Look through the records below for the line with "考案するロータリーピンポイン". Return that line and each one after it up to and including the line with "毎年奴隷著作権大人のための8", exactly.

Start of LISTED ENTRIES

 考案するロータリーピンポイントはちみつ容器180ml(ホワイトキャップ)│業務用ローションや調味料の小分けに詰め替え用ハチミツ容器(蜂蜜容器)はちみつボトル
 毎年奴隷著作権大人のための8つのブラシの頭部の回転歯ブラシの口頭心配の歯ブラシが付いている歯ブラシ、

End of LISTED ENTRIES
Start of LISTED ENTRIES

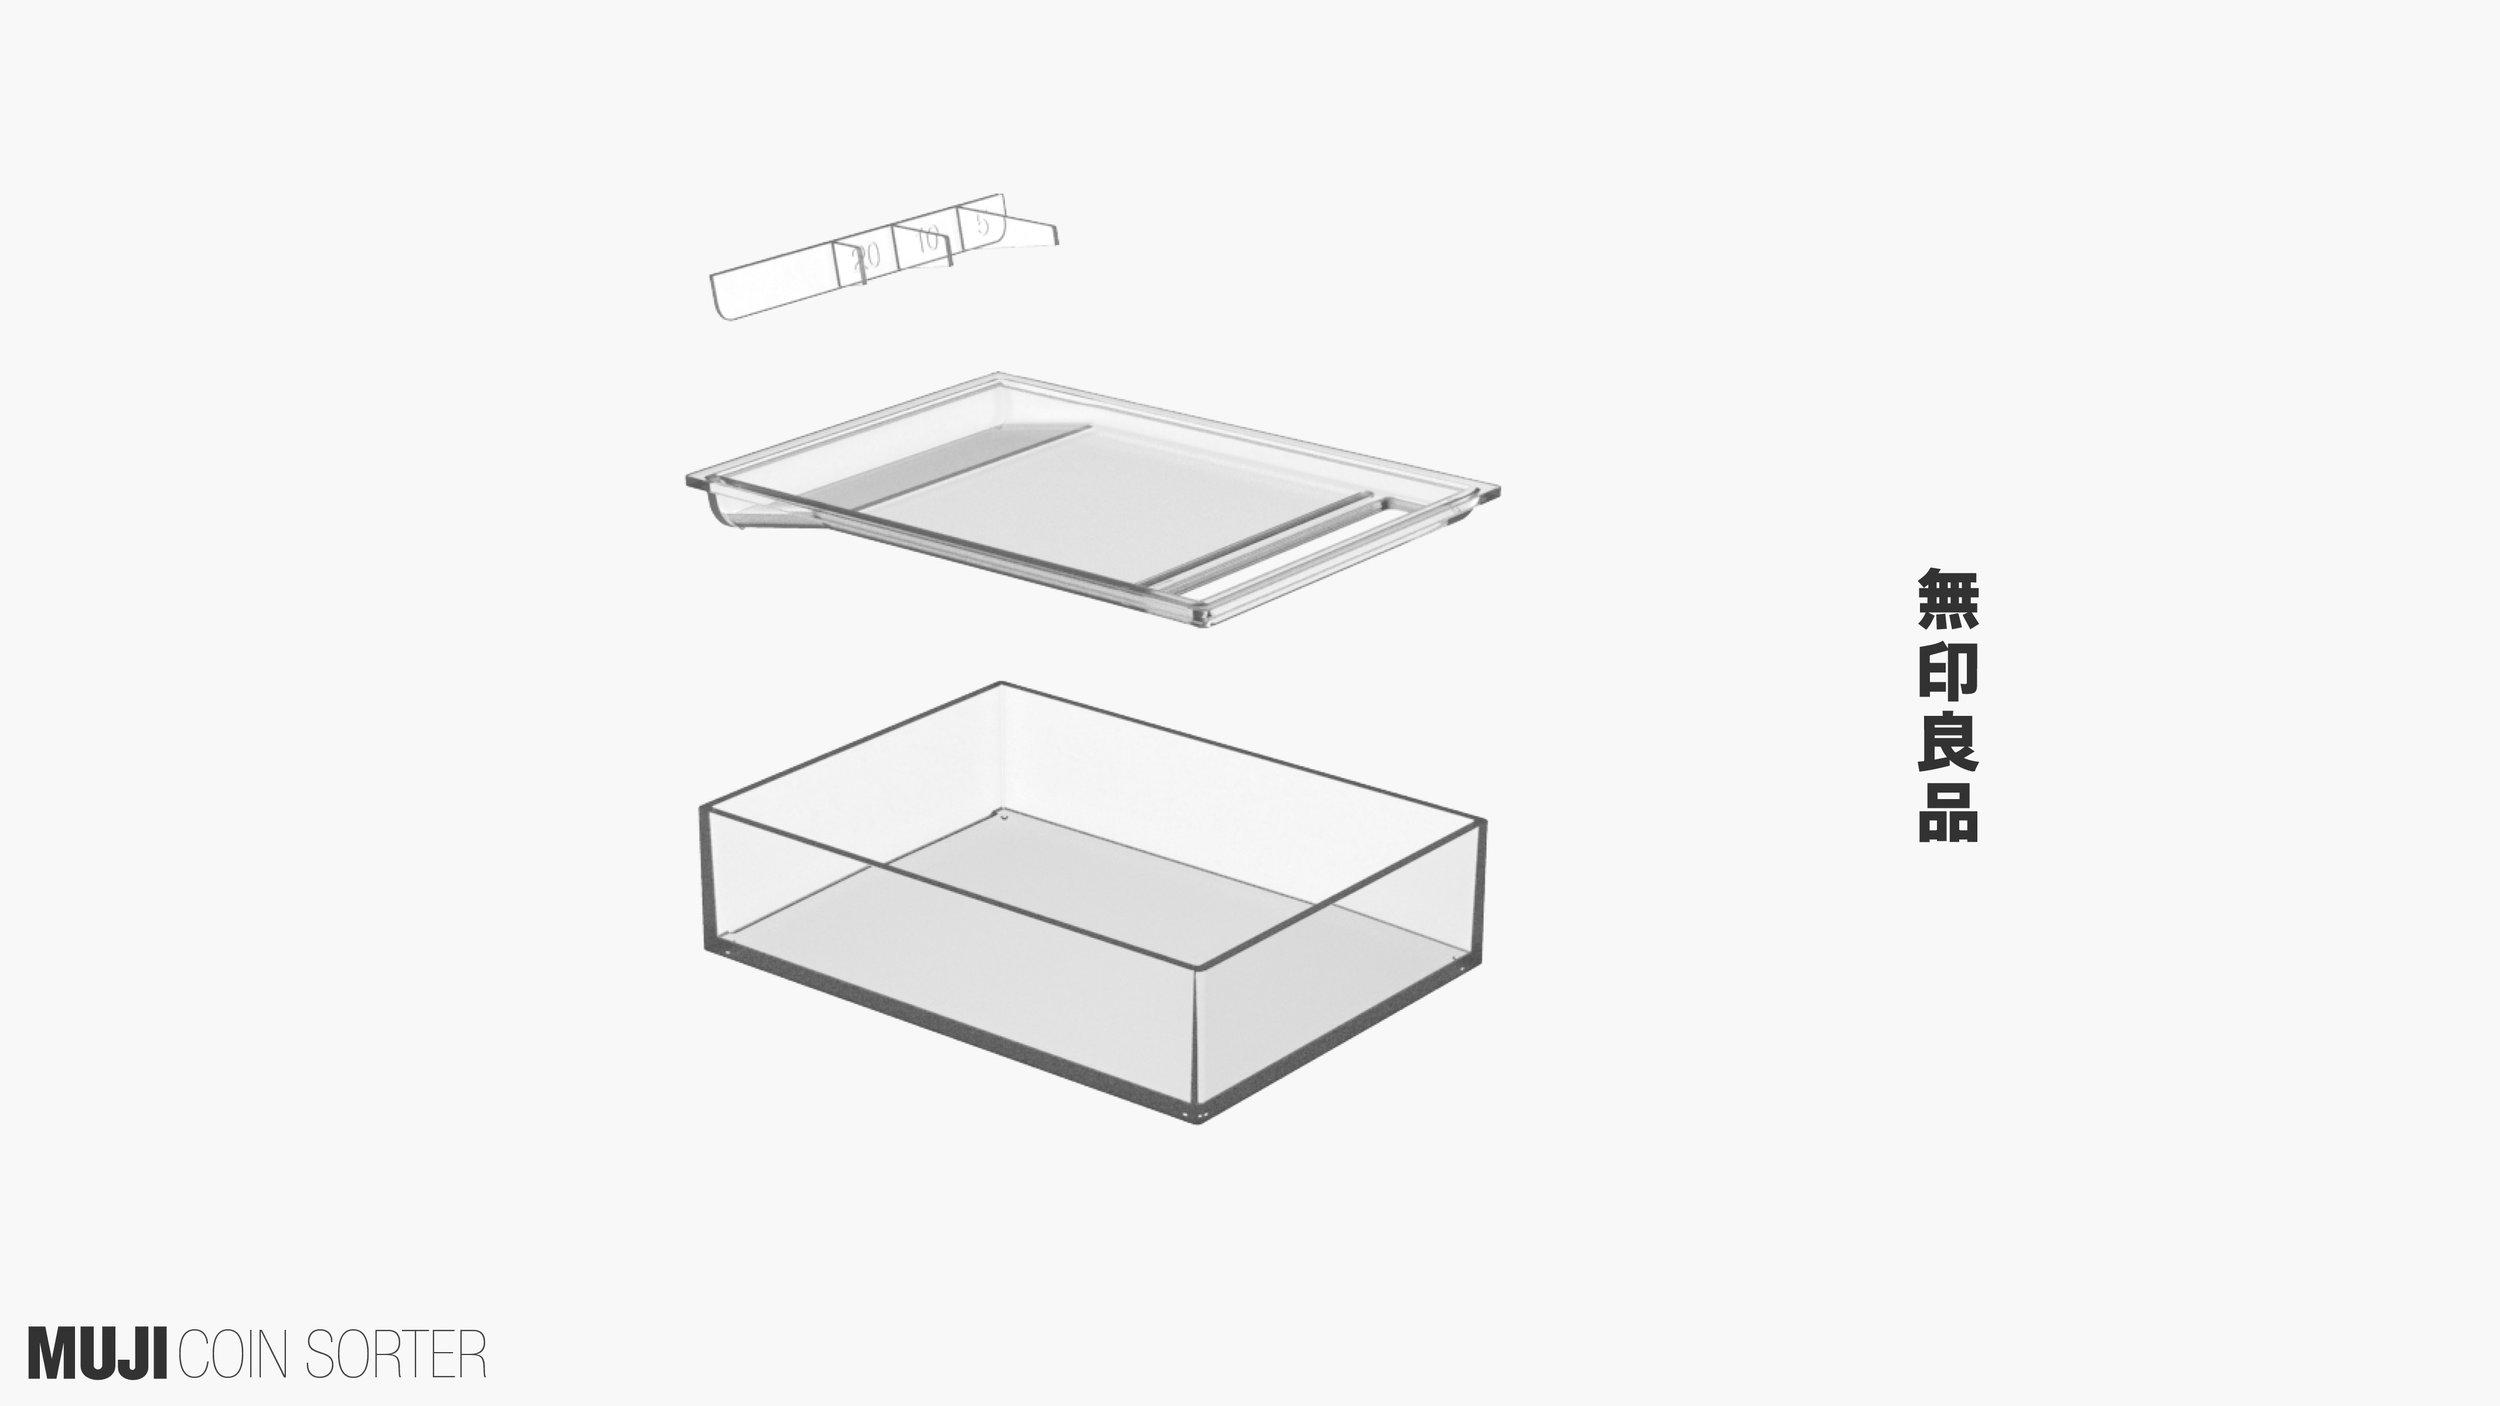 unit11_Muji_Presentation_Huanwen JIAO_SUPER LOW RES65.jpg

End of LISTED ENTRIES

RESULT:
 考案するロータリーピンポイントはちみつ容器180ml(ホワイトキャップ)│業務用ローションや調味料の小分けに詰め替え用ハチミツ容器(蜂蜜容器)はちみつボトル
 毎年奴隷著作権大人のための8つのブラシの頭部の回転歯ブラシの口頭心配の歯ブラシが付いている歯ブラシ、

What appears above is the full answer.